A file in an unknown 8-bit code page is determined as “unknown-8bit” for a reason: it is not an easy problem without any ideas about the language. Not to say it’s impossible but, to work efficiently, such heuristic detector had to possess a large vocabulary of all most-used languages, a large list of code pages, and know some grammar. Update: never tried enca; possibly it’s a wonder-decoder made along these lines. But if the file represents, say, a mostly ASCII source code with only one or two words made of high-bit-set octets, then it’s virtually impossible to guess the language and encoding even with such miraculous heuristic algorithm. That’s why original HTTP/1.1 strongly insisted on declaration of charset in the HTTP Content-Type: header for any text/* media type.

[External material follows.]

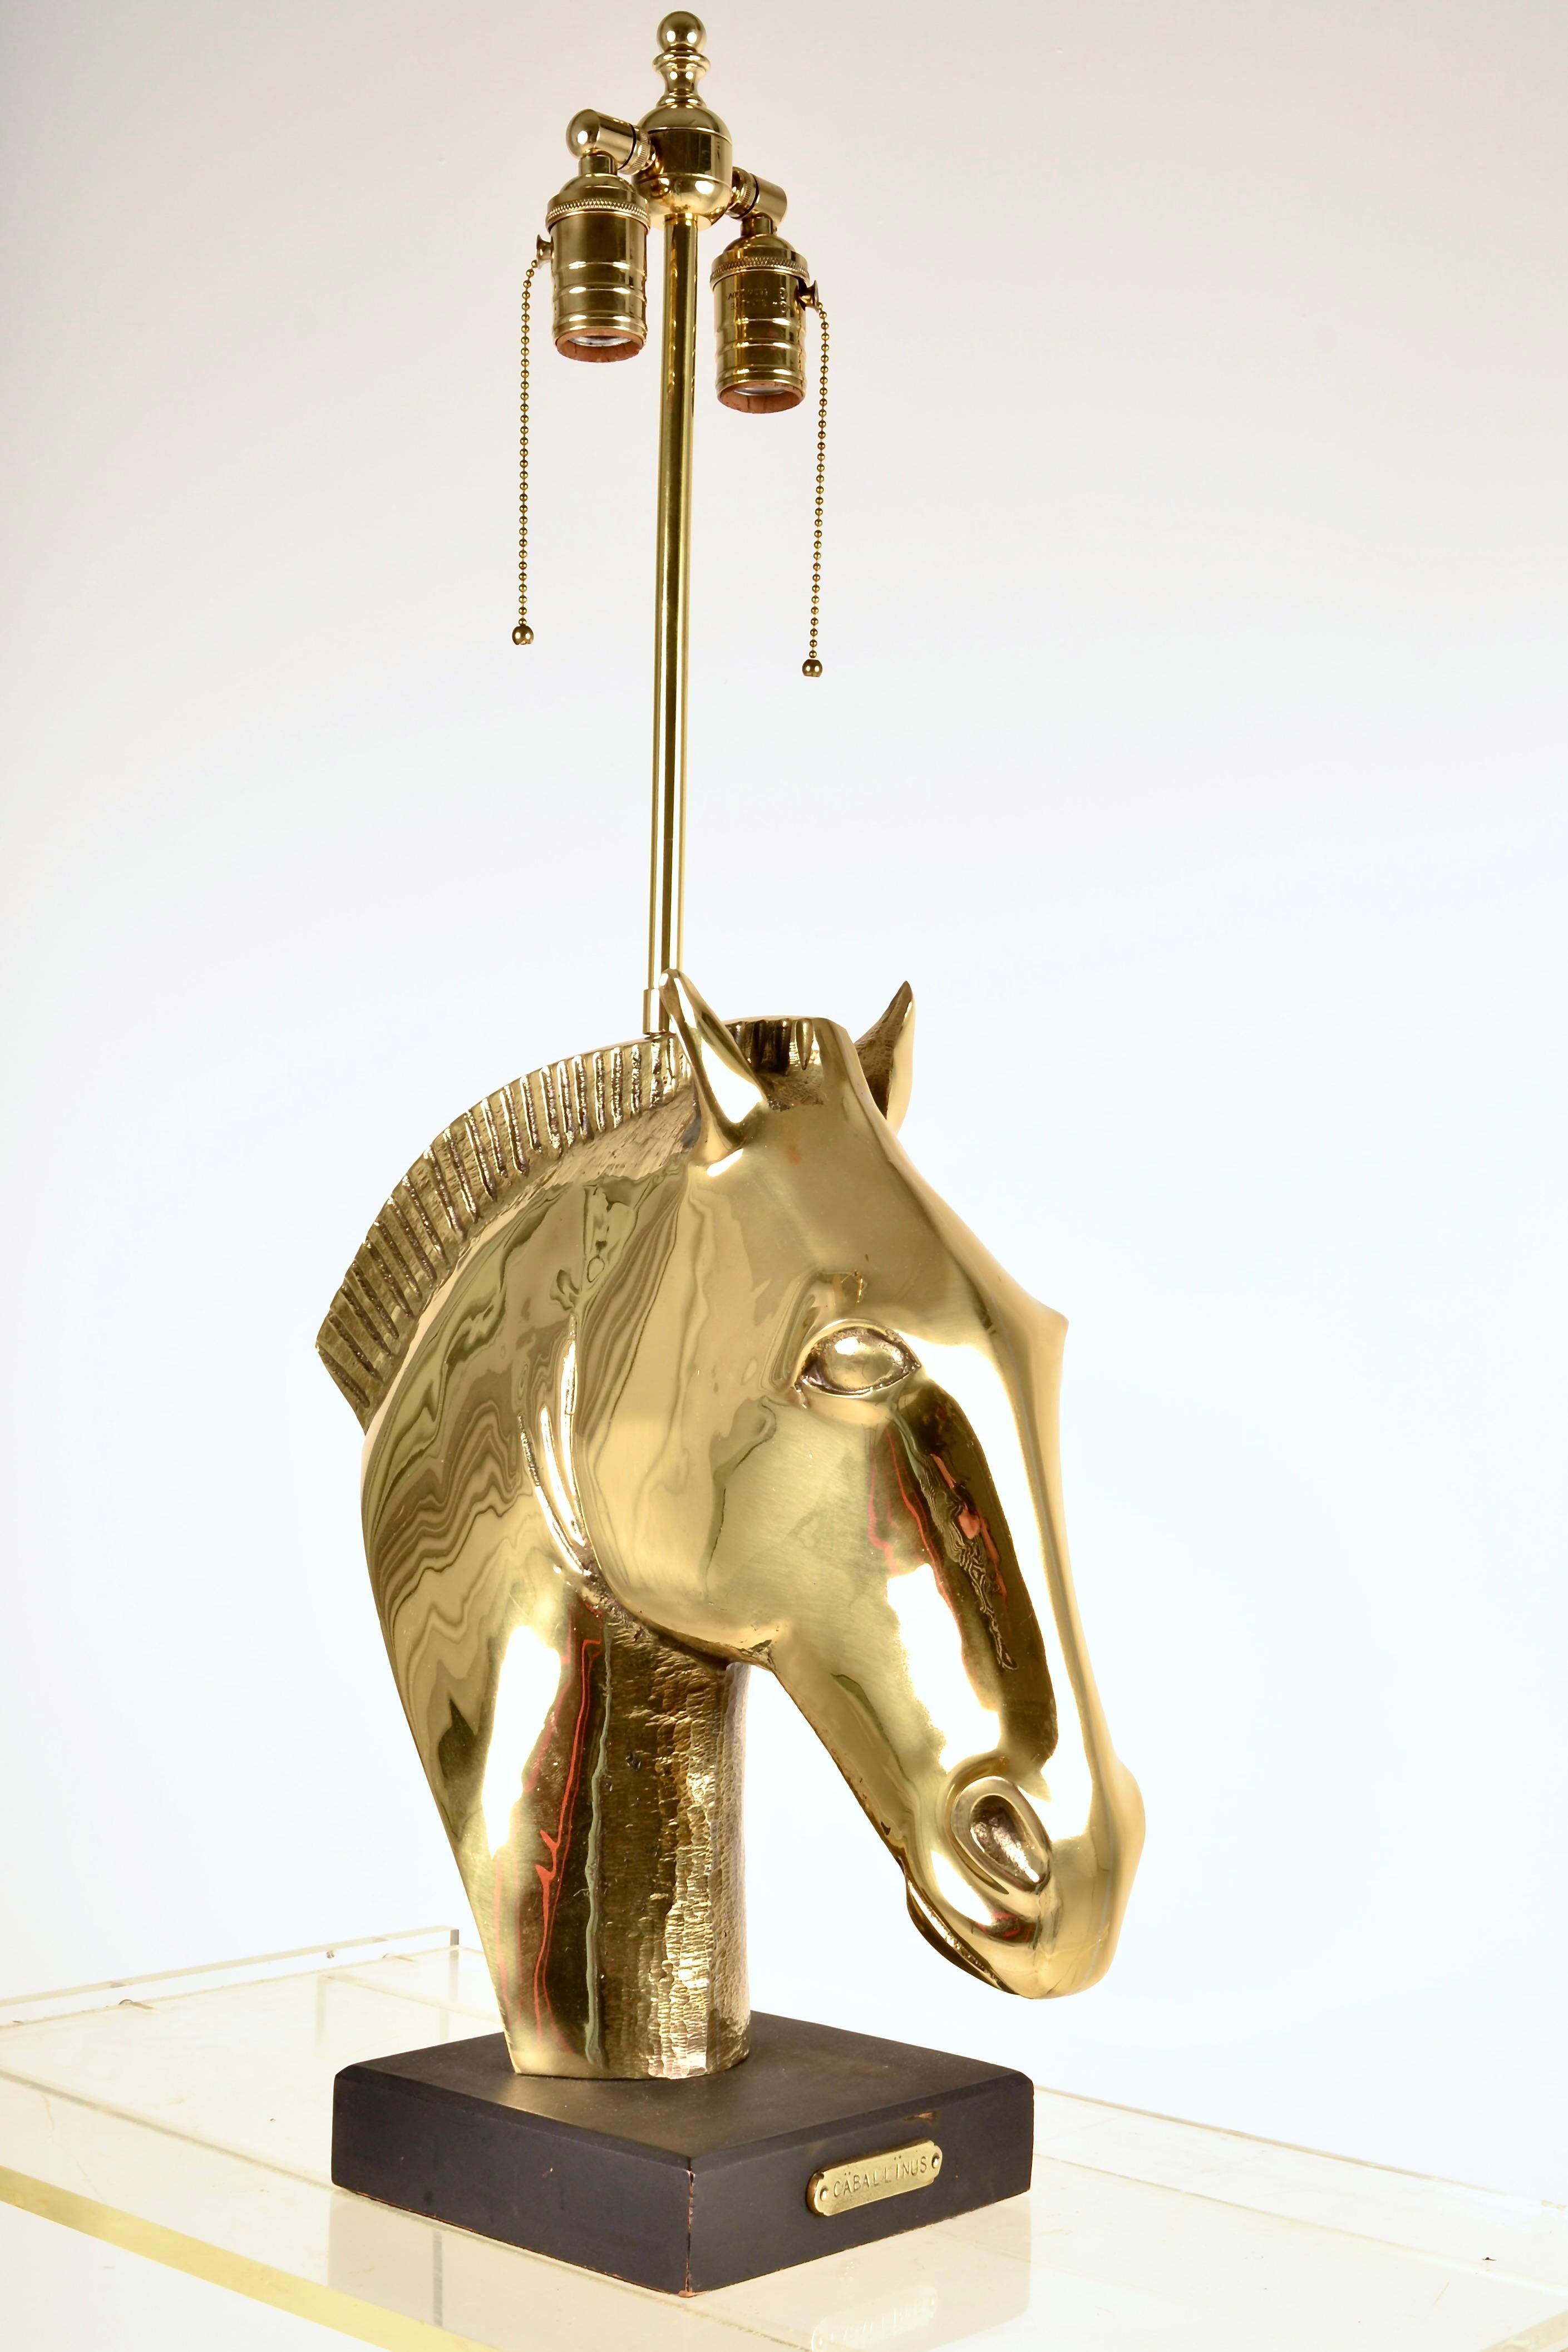 Superb quality lamp featuring a heavy cast brass sculpture of a Roman-style horse head. Brass plaque attached to wooden base is engraved with the word CABALLINUS, horse in latin. Very fine lamp conversion, also in brass with new wiring. The brass

So, the solution, by points:

  1. Investigate/learn/guess which language does the file supposedly encode. Here a human intelligence is crucial. At least compile a list of few plausible hypotheses.
  2. Compile a list of encodings used by the language(s).
  3. Try these encodings: headfile |iconv -ftry (LANG environment variable is assumed to be set accordingly to a TUI used) and look whether is the result readable, until success.

This solution, of course, assumes that the text is encoded properly but in an unknown code page. Cases where the text was garbled by human mistake or due to a software glitch can’t be solved this way.

The points 2. and 3. may be automated and such tools exist, indeed, but they are language-specific (i. e. a heuristic decoder for Russian won’t work for Japanese and vice versa) or, at least, require to specify the input language (as enca does).

As for Persian language, possible encodings include Windows-1256 (see this thread), ISO 8859-6, and now obsolete Iran System encoding. Be happy here you haven’t a list of at least seven code pages used for Russian (KOI7, KOI8, CP866, Windows-1251, ISO 8859-5, MacCyrillic, MIK).

1

maybe to visually inspect all ~1000 possibilities of iconv, by listing 20 first lines of each one ... merged to all.txt result.

#!/usr/bin/env bash
                      line=$(printf "=%.0s" {1..50})
for FMT in $(iconv -l); do    
                   echo "$line\nFormat $FMT:\n$line"
   iconv -f $FMT -t UTF8 < inputFile.srt | head -n20
done > all.txt

#gedit all.txt

... and find out which format is right one (if you can recognize persian).

1
  • This is overkill -- iconv -l brings up a large number of effectively duplicate aliases, as well as obviously unlikely candidates such as various CJKV encodings.